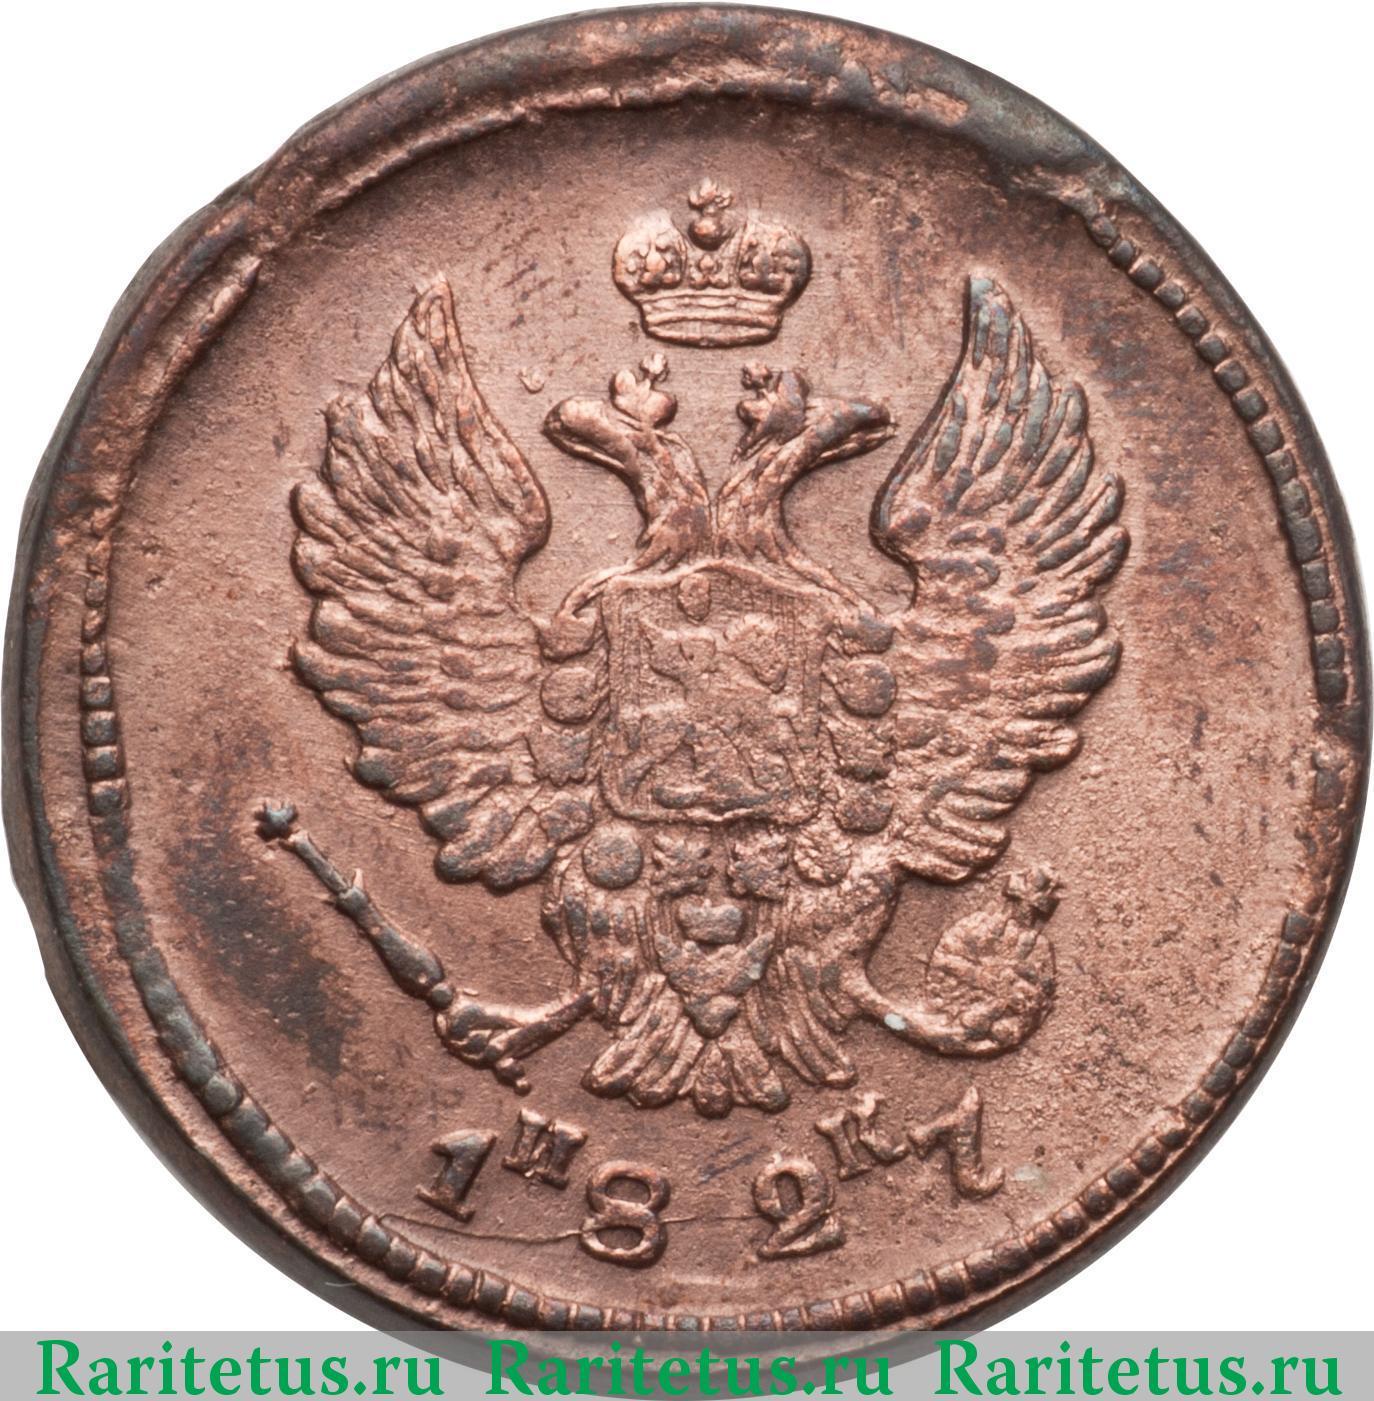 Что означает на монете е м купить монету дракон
...
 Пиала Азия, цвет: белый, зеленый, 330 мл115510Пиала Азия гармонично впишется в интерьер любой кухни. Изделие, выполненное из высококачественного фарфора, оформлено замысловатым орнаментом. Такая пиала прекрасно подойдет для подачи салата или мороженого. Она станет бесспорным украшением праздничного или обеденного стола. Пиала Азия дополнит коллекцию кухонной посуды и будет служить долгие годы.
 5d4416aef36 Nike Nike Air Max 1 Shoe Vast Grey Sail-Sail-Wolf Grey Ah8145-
==
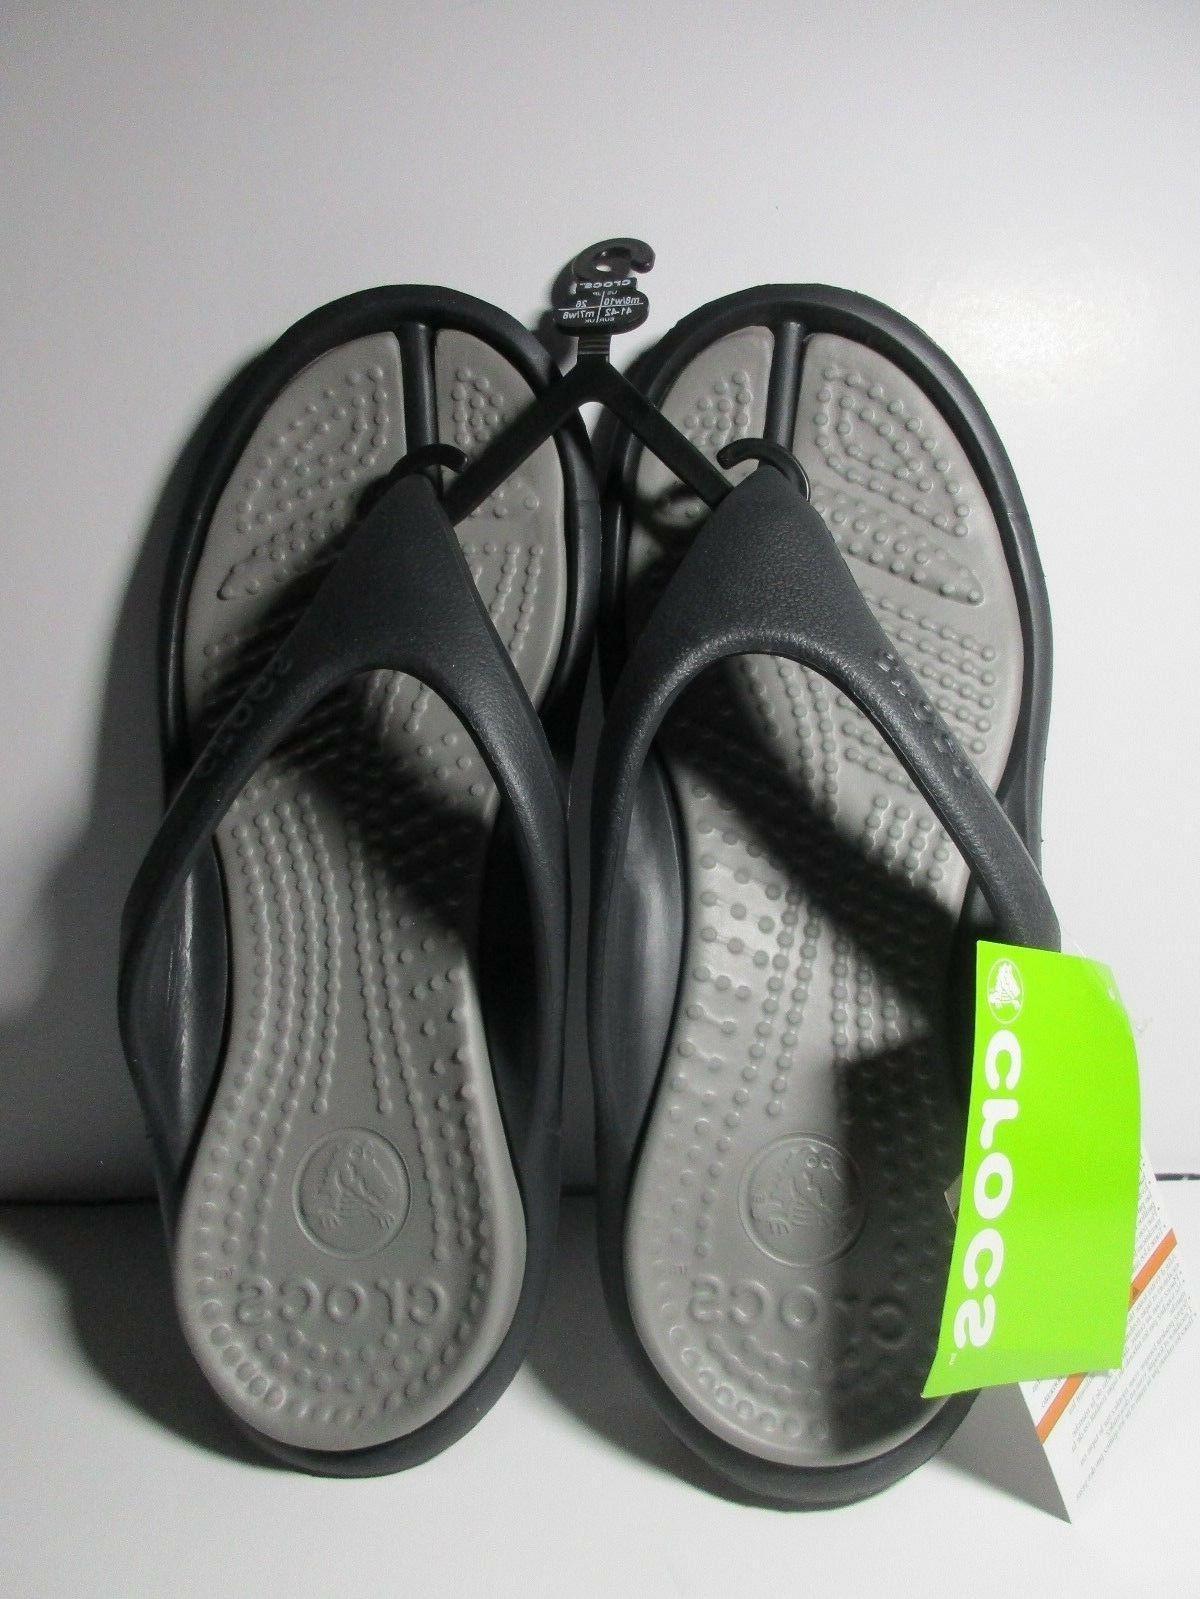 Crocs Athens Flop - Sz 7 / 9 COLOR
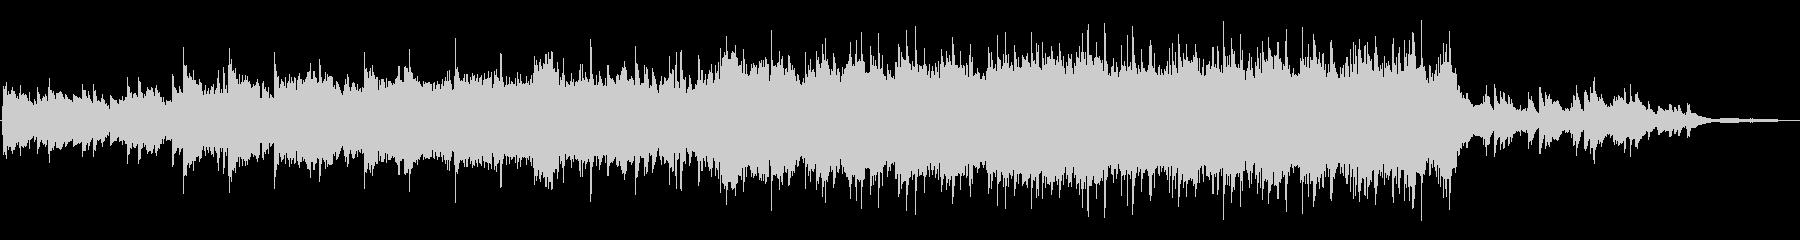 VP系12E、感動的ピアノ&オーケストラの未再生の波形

- [About this task] Your reply is to be an exact repeat of the listing above from the line holding "Crocs Athens Flop - Sz 7 / 9 COLOR" down to the line holding "VP系12E、感動的ピアノ&オーケストラの未再生の波形", ends included, pictures excluded.

- [Answer to this task]
 Crocs Athens Flop - Sz 7 / 9 COLOR
 VP系12E、感動的ピアノ&オーケストラの未再生の波形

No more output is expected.